Beyond Similarity: Temporal Operator Attention for Time Series Analysis
For time-series practitioners, this work addresses a fundamental limitation of attention mechanisms, offering a principled improvement that yields consistent gains across multiple tasks and backbones.
The paper identifies a mismatch between standard attention's convex combination and the signed, oscillatory transformations needed for time-series modeling, and proposes Temporal Operator Attention (TOA) with Stochastic Operator Regularization to enable direct signed mixing. TOA consistently improves performance over backbones like PatchTST and iTransformer across forecasting, anomaly detection, and classification benchmarks.

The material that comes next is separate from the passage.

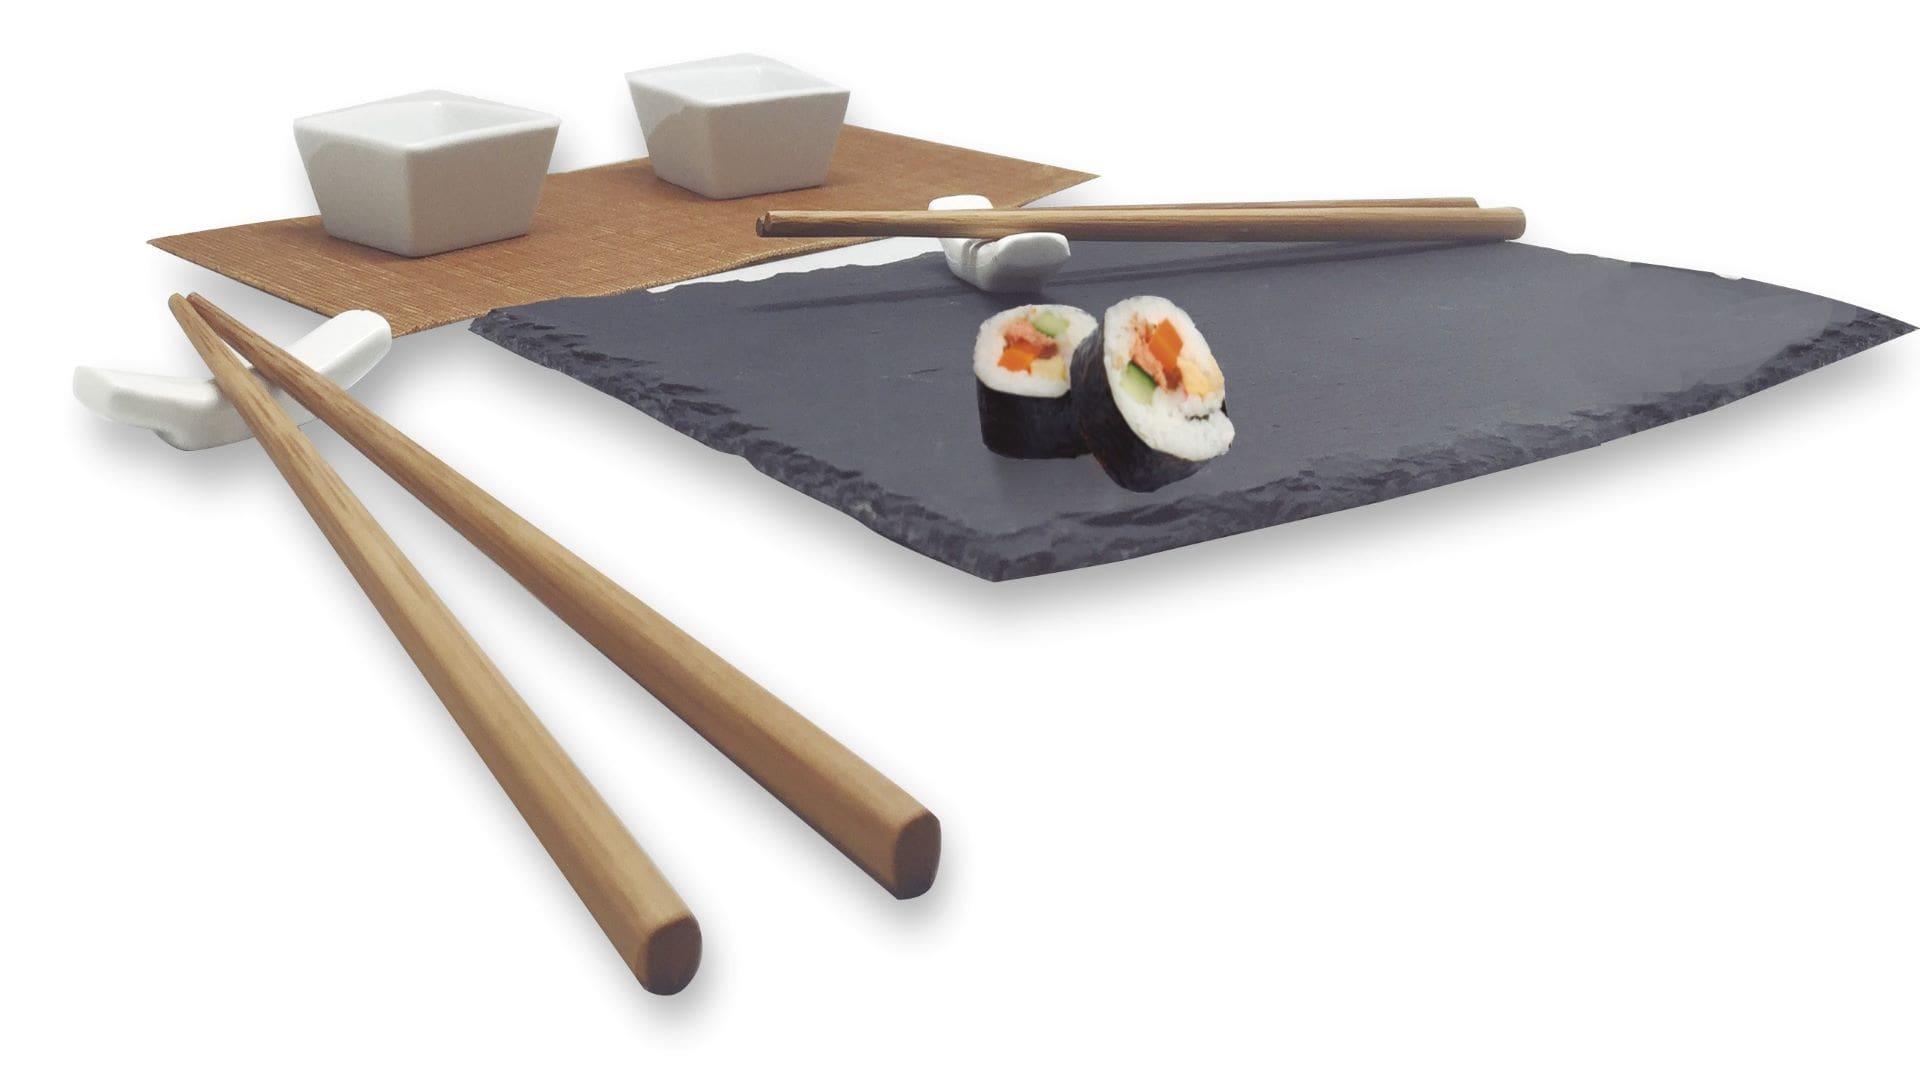 Nerthus_сет за суши с каменна плоча
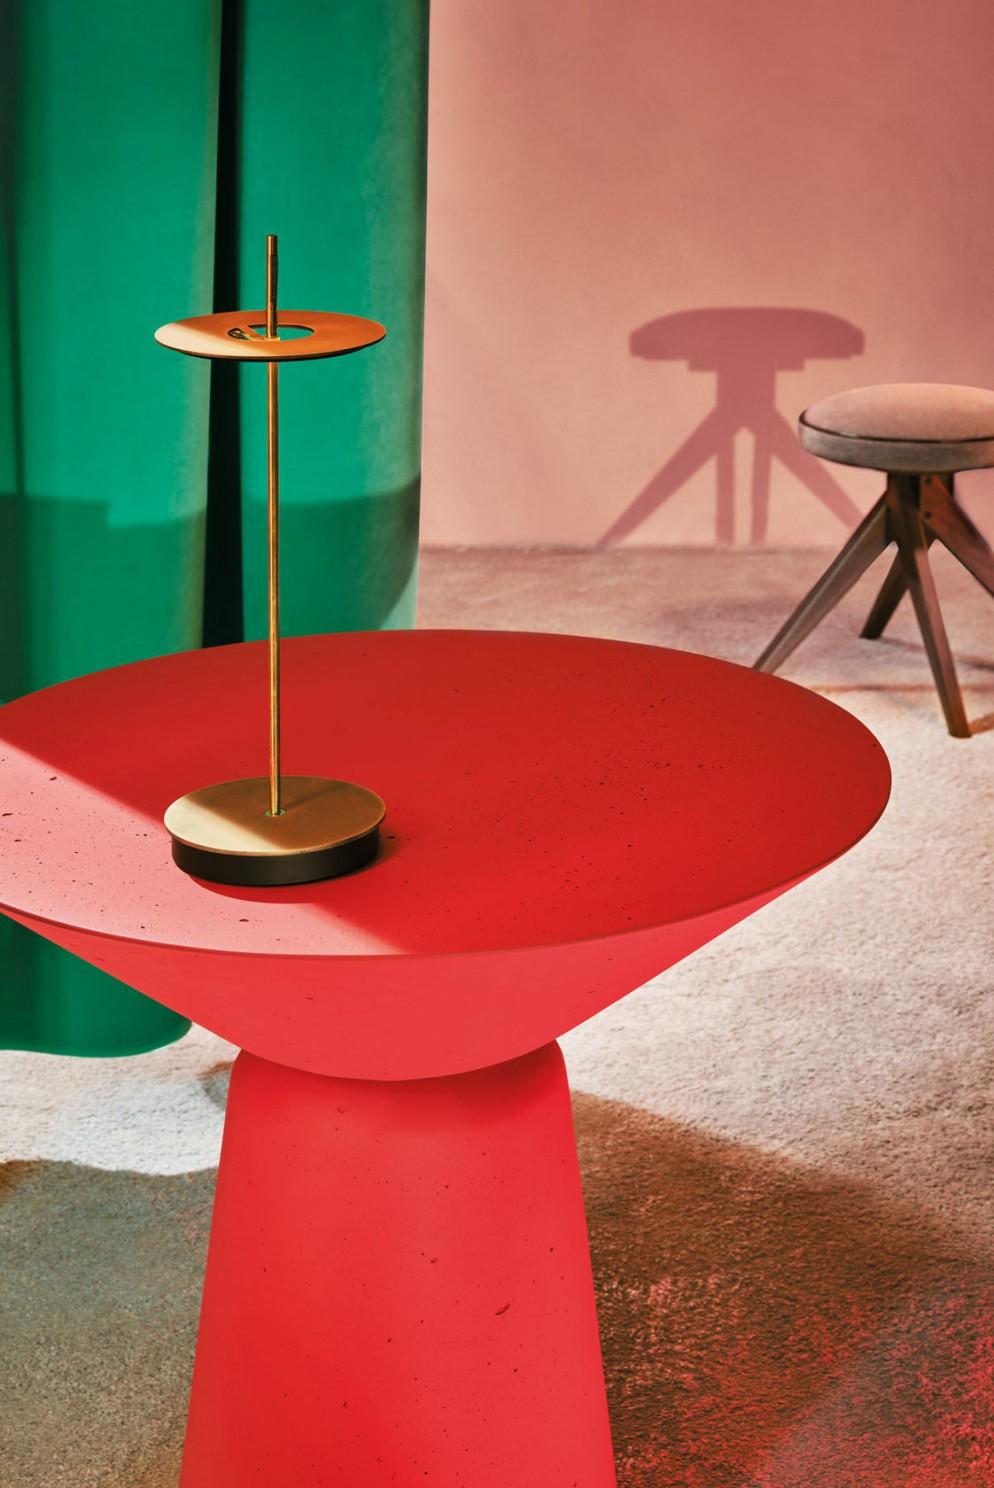 idee-arredare-casa-lampade-divani-sedie-letti-poltrone-design-issue-living-corriere-02

A persistent paradox in time-series forecasting is that structurally simple MLP and linear models often outperform high-capacity Transformers. We argue that this gap arises from a mismatch in the sequence-modeling primitive: while many time-series dynamics are governed by global temporal operators (e.g., filtering and harmonic structure), standard attention forms each output as a convex combination of inputs. This restricts its ability to represent signed and oscillatory transformations that are fundamental to temporal signal processing. We formalize this limitation as a simplex-constrained mixing bottleneck in softmax attention, which becomes especially restrictive for operator-driven time-series tasks. To address this, we propose $\textbf{Temporal Operator Attention (TOA)}$, a framework that augments attention with explicit, learnable sequence-space operators, enabling direct signed mixing across time while preserving input-dependent adaptivity. To make dense $N \times N$ operators practical, we introduce Stochastic Operator Regularization, a high-variance dropout mechanism that stabilizes training and prevents trivial memorization. Across forecasting, anomaly detection, and classification benchmarks, TOA consistently improves performance when integrated into standard backbones such as PatchTST and iTransformer, with particularly strong gains in reconstruction-heavy tasks. These results suggest that explicit operator learning is a key ingredient for effective time-series modeling.